Discriminative Segment Focus Network for Fine-grained Video Action Recognition

Baoli Sun,Xinchen Ye,Tiantian Yan,Zhihui Wang,Haojie Li,Zhiyong Wang
DOI: https://doi.org/10.1145/3654671
2024-03-26
Abstract:Fine-grained video action recognition aims to identify minor and discriminative variations among fine categories of actions. While many recent action recognition methods have been proposed to better model spatio-temporal representations, how to model the interactions among discriminative atomic actions to effectively characterize inter-class and intra-class variations has been neglected, which is vital for understanding fine-grained actions. In this work, we devise a Discriminative Segment Focus Network (DSFNet) to mine the discriminability of segment correlations and localize discriminative action-relevant segments for fine-grained video action recognition.

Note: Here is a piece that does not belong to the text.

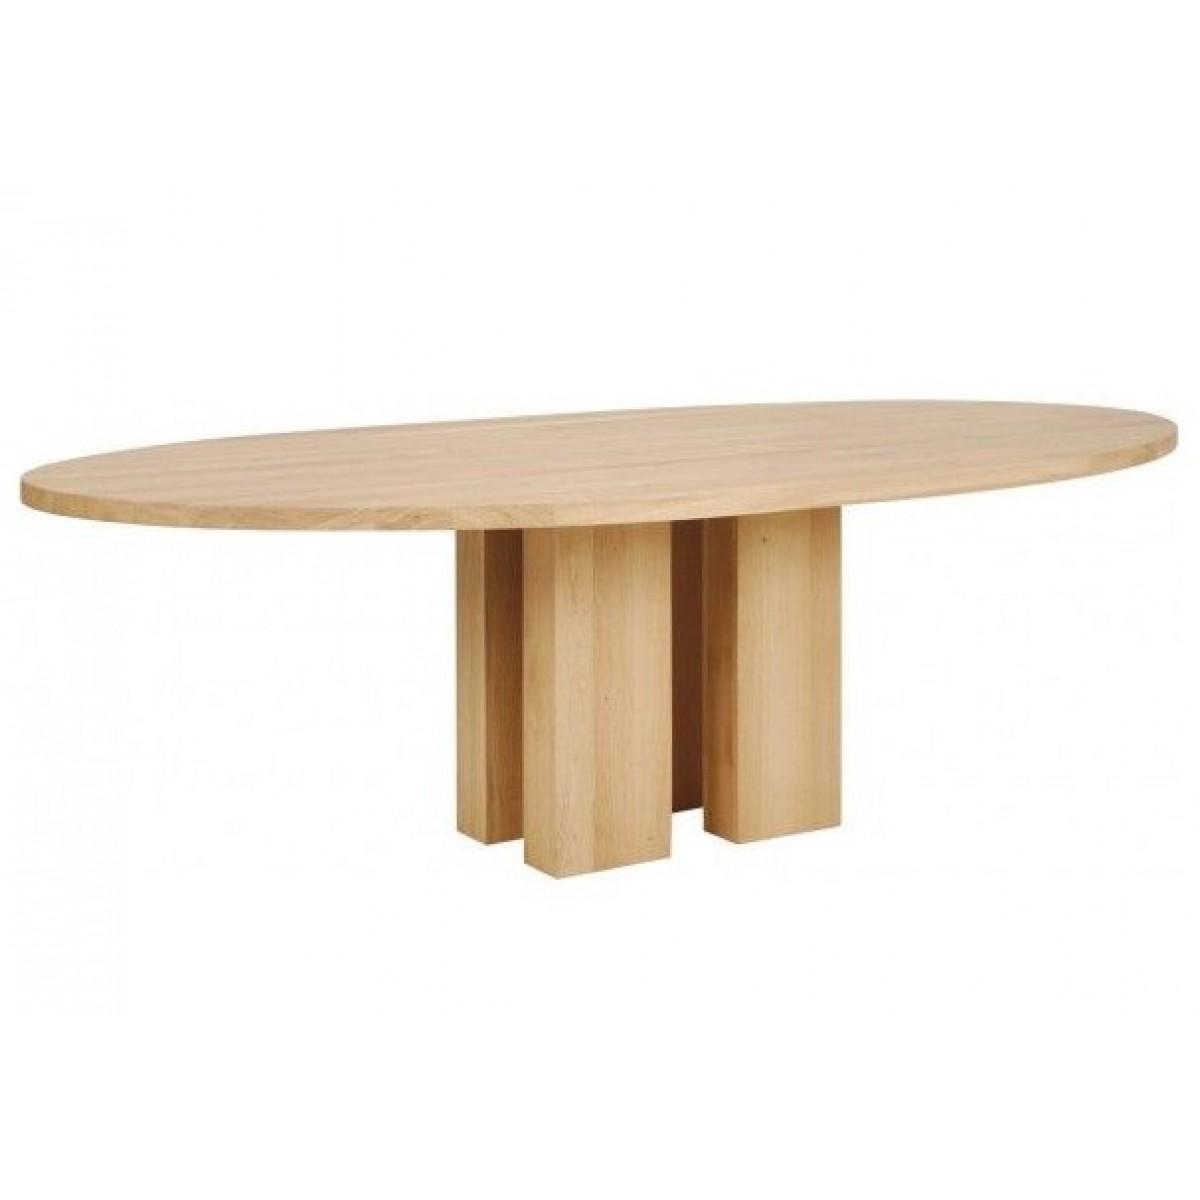 ovaal-ovale-tafel-eettafel-eetkamertafel-eiken-kolompoot-blank-eiken

Firstly, we propose a hierarchic correlation reasoning (HCR) module which explicitly establishes correlations between different segments at multiple temporal scales and enhances each segment by exploiting the correlations with other segments. Secondly, a discriminative segment focus (DSF) module is devised to localize the most action-relevant segments from the enhanced representations of HCR by enforcing the consistency between the discriminability and the classification confidence of a given segment with a consistency constraint. Finally, these localized segment representations are combined with the global action representation of the whole video for boosting final recognition. Extensive experimental results on two fine-grained action recognition datasets, i.e. , FineGym and Diving48, and two action recognition datasets, i.e. , Kinetics400 and Something-Something, demonstrate the effectiveness of our approach compared with the state-of-the-art methods.
computer science, information systems, theory & methods, software engineering
What problem does this paper attempt to address?
This paper focuses on the problem of fine-grained video action recognition, which aims to identify subtle and discriminative action differences among different categories. Existing action recognition methods have made progress in modeling spatiotemporal features, but they neglect the discriminative interactions between atomic actions, which are crucial for understanding fine-grained actions. To address this issue, this paper proposes a new method called Discriminative Segment Focus Network (DSFNet), which enhances the performance of fine-grained video action recognition by mining discriminative and localized segments that are relevant to actions. DSFNet consists of a video branch and a segment branch. The video branch extracts global semantic features, while the segment branch includes Hierarchical Context Reasoning (HCR) module and Discriminative Segment Focus (DSF) module. The HCR module establishes fragment relationships at different time scales and enhances each segment through graph refinement. The DSF module locates the most discriminative segments using consistency constraints, which is a self-supervised learning mechanism for localizing key segments without frame-level temporal annotations. Experimental results demonstrate that DSFNet outperforms existing methods on multiple action recognition datasets, including FineGym, Dividing48, Kinetics400, and Something-Something, highlighting its effectiveness in fine-grained action recognition.